Sunday, February 7, 2021
One Face III 2021
As I head into the close of my seventh decade of making images, I'm always impressed by just how hard it is to make something that works visually as well as being new and unique. Some naive part of me wants to think that once I've figured out how to make a great image, then I will have the secret, and I can just go on making those great images, listening to an audio book and snacking on gluten free chips as I work. Unfortunately it doesn't work like that. It's really the opposite: once I've figured out how to make an image work, then my creative self gets bored and won't work with me--and always in a very passive aggressive way.
In 2014 I made six beautiful ink washes as grounds for my images, but they were so beautiful that I couldn't ever get them to work when I tried placing something on top of them. And so they sat on my unfinished shelf year after year. A few weeks ago I pulled them out and started placing different bits of photographs on top of them. Some worked, but not really, just kind of. However the thing they all had in common was that they were faces. I would build an image, then pull it off, then try something new, then, dissatisfied once again, pull the new pieces off. I was confused, and frustrated, and lost in the chaos of trying to see something I had never seen before and so I kept struggling with them. Finally, the order of the pieces began to emerge, and it had all to do with using just a very minimal application of the face: lips, noses, and eyes.
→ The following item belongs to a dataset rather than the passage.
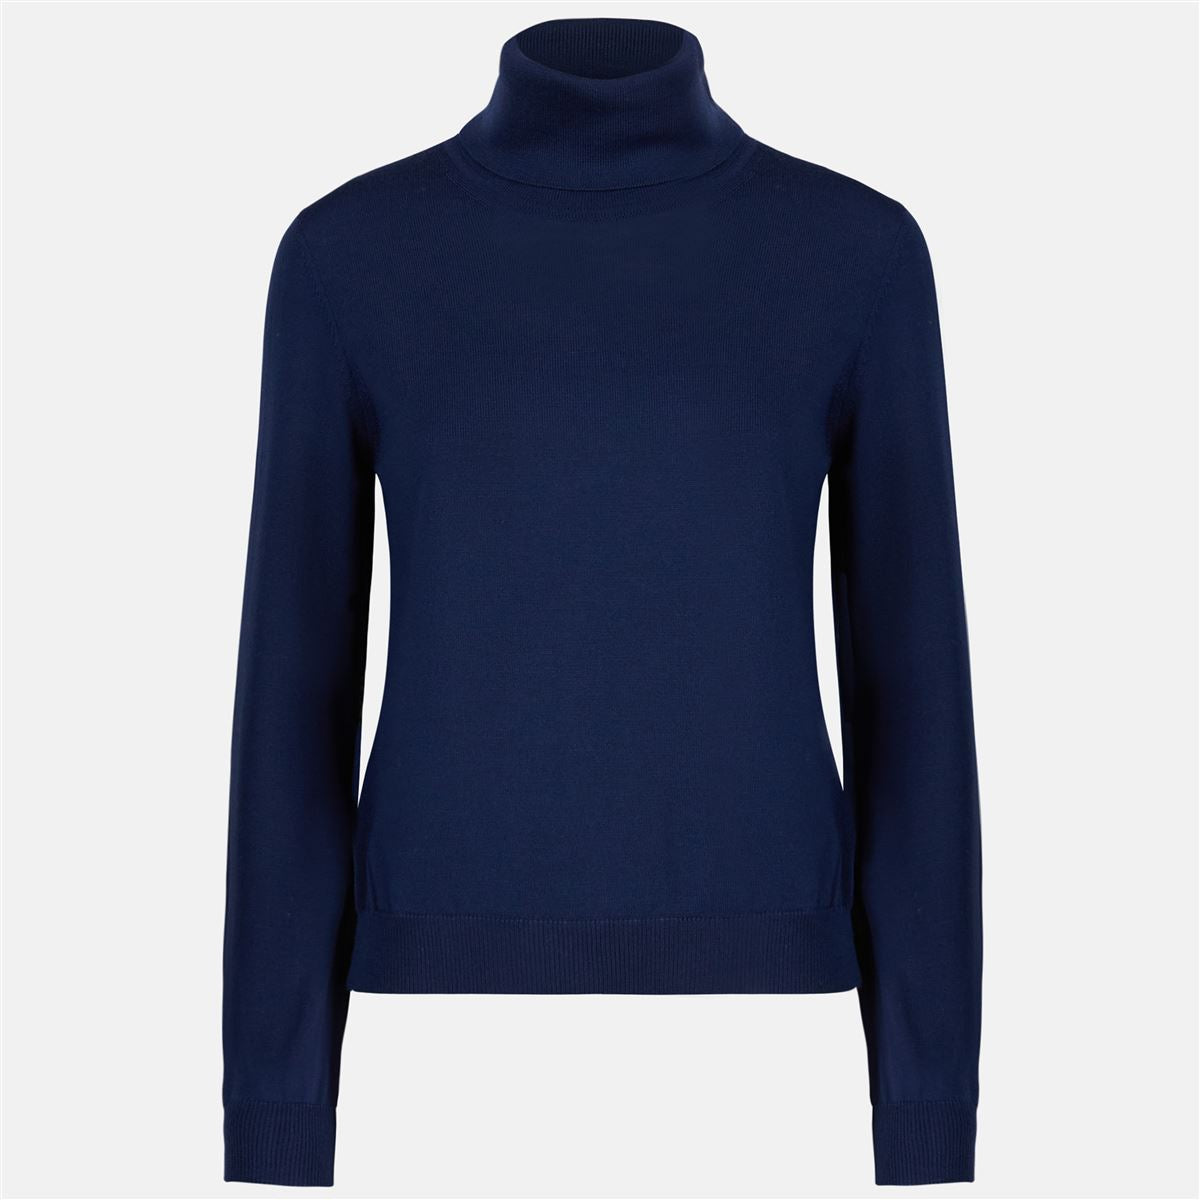 SUSIE MERINO - Knitwear - Pull  Over - Woman - Blue

Then I let the washes do the rest. Faces, but almost not faces, all six were finally born.
Sunday, January 17, 2021
Forest Mother 2008 & 2021
Forest Mother 2008
In
2008 I did a residency at Hollins University in Roanoke, Virginia. It was
the first time I had ever lived for an extended period of time on the
East coast, or had lived in a climate that wasn't Western. The forests and the greenness were completely new to me, and I tried to get to know the area a little better through biking and on my daily jogs and walks out from the school. I photographed lots of trees, along with the leafless kudzu, which covered huge swaths of the forest, choking out the native species. This piece evolved as a reaction to the forest, and the destruction of it that I saw in and around Roanoke. The Forest Mother, whose body is made of the trunks of the incredible trees I found all around me, is crying as she leans over a body hidden in the forest floor, whose hands reach up beseechingly. The image is about loss and despair.
Forest Mother 2021
This more recent Forest Mother, I did as a spin off from another piece, which I blogged about last month in a blog called Transformation. The piece resulted from the middle image, which I thought at the time to be too sweet, but I still liked certain elements of it. This Forest Mother emerged, and was much more at peace than her predecessor, done 13 years earlier. With her two guard coyotes and snake at her feet, a rabbit in her arms, and two birds perched on her shoulder, she has an air of calmness and wisdom and seems to be saying,"I'll take care of you wild things, not to worry". When I compared the two, it was interesting that this Forest Mother would be so much more positive than the one done in 2008. I think Forest Mother is less about the state of the big world, and more about my smaller world, a considerably more pleasant place to be than it was 13 years ago.